DATASET RECORDS ▸
++++

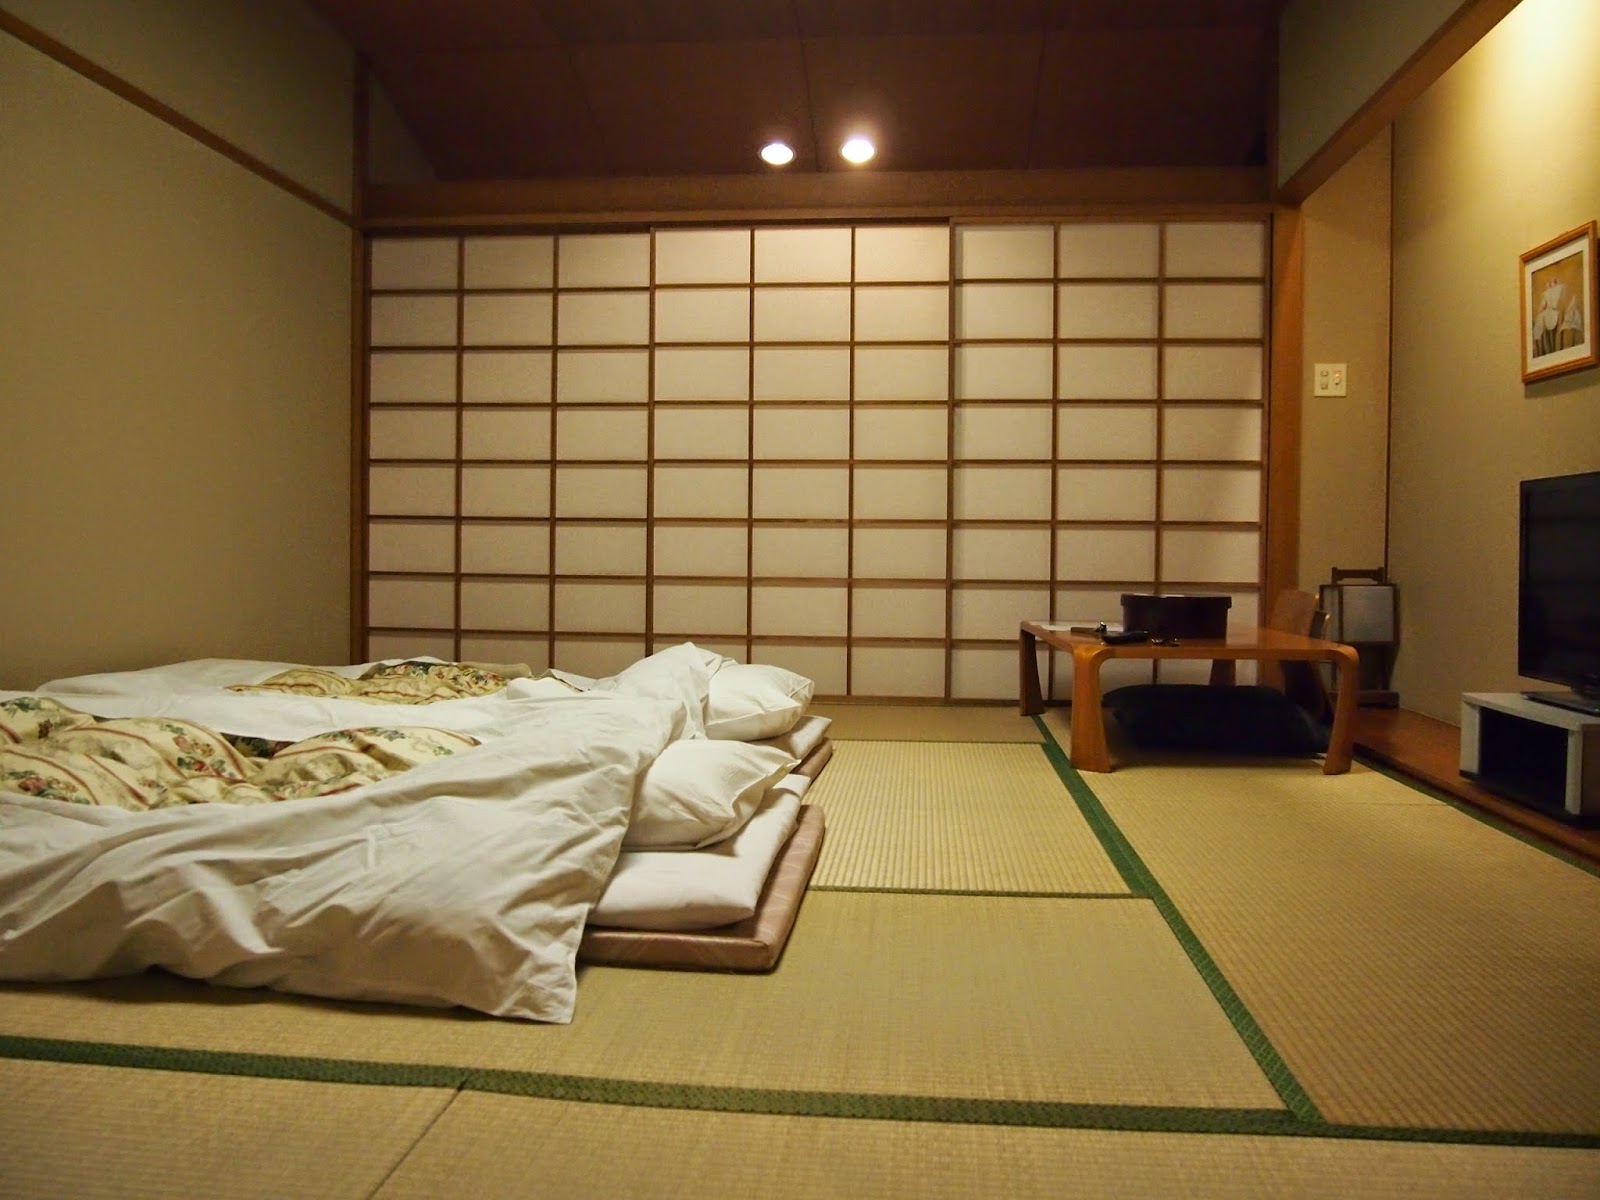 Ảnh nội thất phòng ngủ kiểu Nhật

++++

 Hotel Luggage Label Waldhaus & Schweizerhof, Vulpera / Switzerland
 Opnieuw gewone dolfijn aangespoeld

++++

AIM OF THE TASK ▸ From the records above, give again exactly the lines running from the line with "Hotel Luggage Label" to the line with "Opnieuw gewone dolfijn aangespoeld", inclusive.

EXERCISE SOLUTION ▸
 Hotel Luggage Label Waldhaus & Schweizerhof, Vulpera / Switzerland
 Opnieuw gewone dolfijn aangespoeld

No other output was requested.